I was in Moncton in 2006 and I asked a colleague who was a local where to eat breakfast. “Tim Hortons is good,” he said.
I’ve heard that Moncton contains more Tim Hortons per capita than any other city in Canada (and I doubt it would be wrong to say, by extension, the world), so I take it his was not a minority opinion.
That exchange came to mind this morning, when a link came through my Twitter feed to this article about Marilyn Hagerty of Grand Forks, North Dakota, who gained a measure of fame — totally in keeping with our weird times — for writing a review for the local paper of the Olive Garden. An unironic and positive review.
Like most of us, Anthony Bourdain, who died yesterday, laughed at it — at first.
But he gave it further thought and concluded that there’s a whole country out there that “too few of us from the coasts” have seen. Metropolitan sophisticates, supposedly educated and experienced and aware.
And maybe they’re insecure, or embarrassed because that world is where they came from. Having spent so much energy trying to get out of it, they’re still not confident enough to eat in a restaurant unless a city magazine like New York or Toronto Life tells them it’s OK to.

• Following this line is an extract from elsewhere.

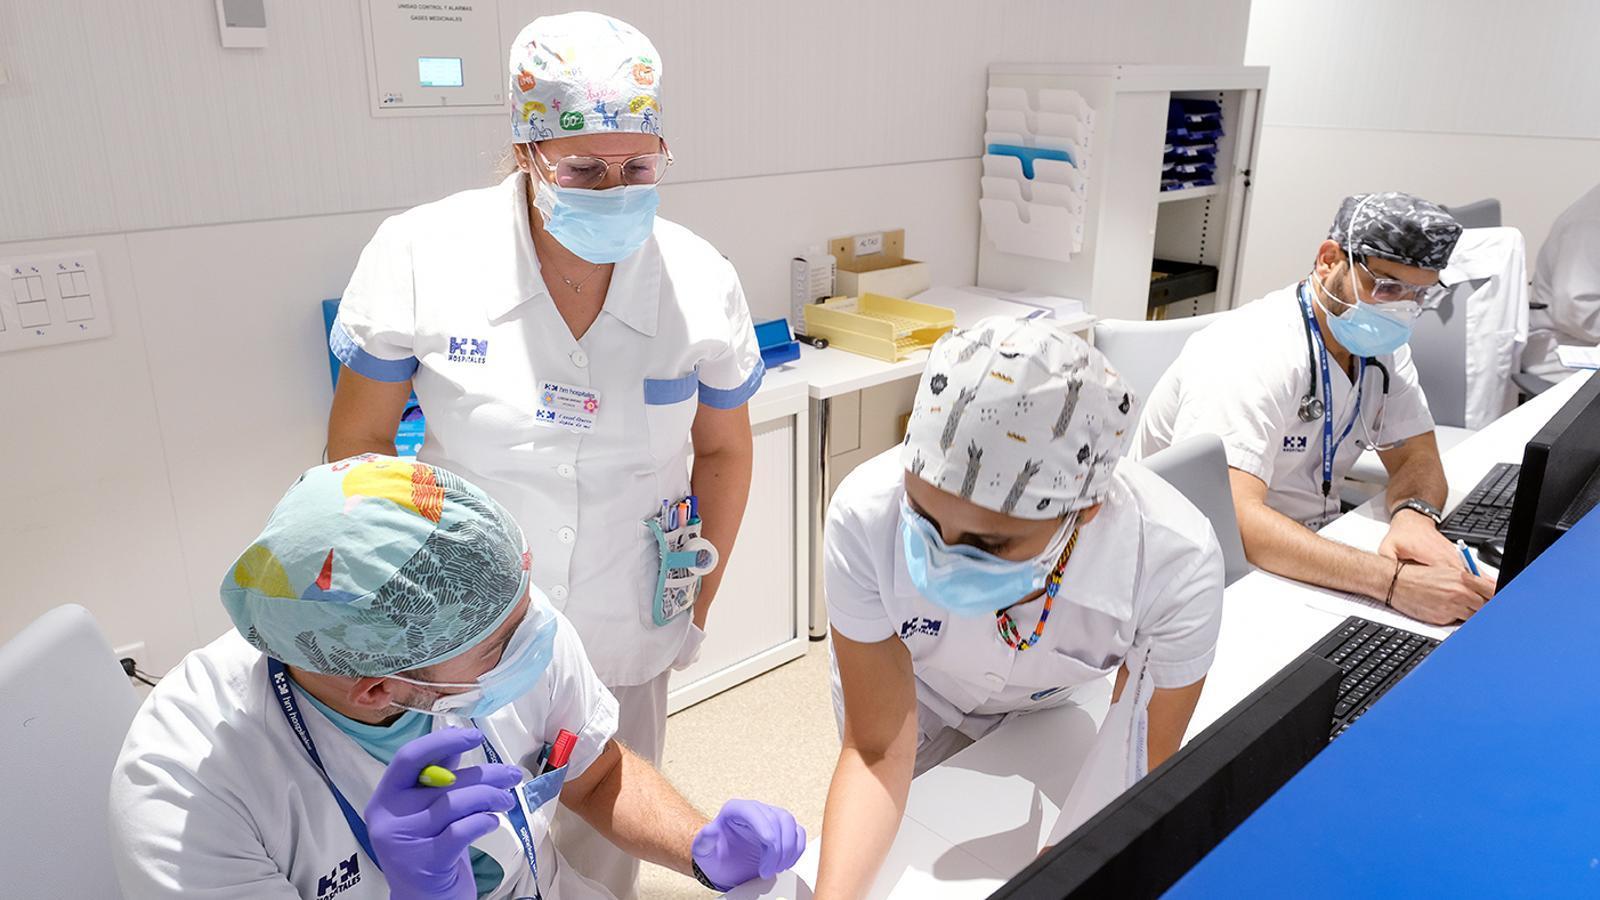 Imatge de plena activitat al control d'infermeria

Bourdain ended up editing a collection of Hagerty’s columns (and Grand Forks has to be one of the most inspired titles ever) and writing the foreword. And as he pointed out, there was a time when the unpretentious, unassuming places she wrote about used to be found in our “great” cities as well.
But gentrification and snobbery have combined to squeeze the clubhouse sandwiches on toasted Wonder bread and the cheap (and gloriously greasy) breakfast specials (Two Eggs — ANY Style!) out of existence.
And then you wake up one morning and you find that even the dive bar where you spent too many hours in your early twenties has got rid of the dodgy hot dogs and popcorn (and the watered-down draft in eight-ounce glasses that you’d order two at a time) is advertising that the chicken wings are “sous vide.”
(At least they still have quarts of Labatt 50. And if you order one, you get change back from your $20 bill.)
Here’s an interesting quote from an interview with Anderson Cooper to promote his series Parts Unknown: “People are telling you a story when they give you food. And if you don’t accept the food … you’re rejecting the people.” Which I find in keeping with his defence of Marilyn Hagerty. There was something dehumanizing in the snark about her review.
Bear in mind, I don’t believe for a moment he was defending the Olive Garden — he once told Conan O’Brien that the saddest meal he ever had was a cold hamburger at a Johnny Rockets at some airport. (But in the same clip, he admitted a weakness for KFC macaroni and cheese. So you never know.)
So here’s to being a food democrat, and getting over whatever bullshit causes us to be food or drink snobs. I embrace the notion that one of the best glasses of beer I ever had was a PBR served in a go-cup that I sipped on as I wandered Algiers Point on a 90/90 day (90 degrees Fahrenheit, 90 percent humidity).
And to bring this back to Moncton, I never did have breakfast at Tims. I probably should have. Because instead, I ended up eating in the hotel restaurant, where I was alone, paid way too much, and quite likely, less effort went into the preparation of my breakfast than if I’d hit a crowded Tim Hortons a few blocks down the street. (There’s always one a few blocks down the street.)
My decision didn’t leave me in a three-day depression, as Johnny Rockets did to Bourdain, but neither was it the “good” kind of bad decision, where you’re out at two in the morning and you grab some comfort food as a nightcap. I dig those the most.
On the last day of my Moncton stay, the Tim Hortons–recommending colleague took me on a tour of his part of town, including the home he’d built, on a lot purchased in the ’60s and subdivided so that his daughters and their families would be able to build homes. Then, on the way to the airport, we stopped for lunch. At St-Hubert. It’s a meal and a day I’ll never forget.
A friend had told me his story, including his food. What could be better than that?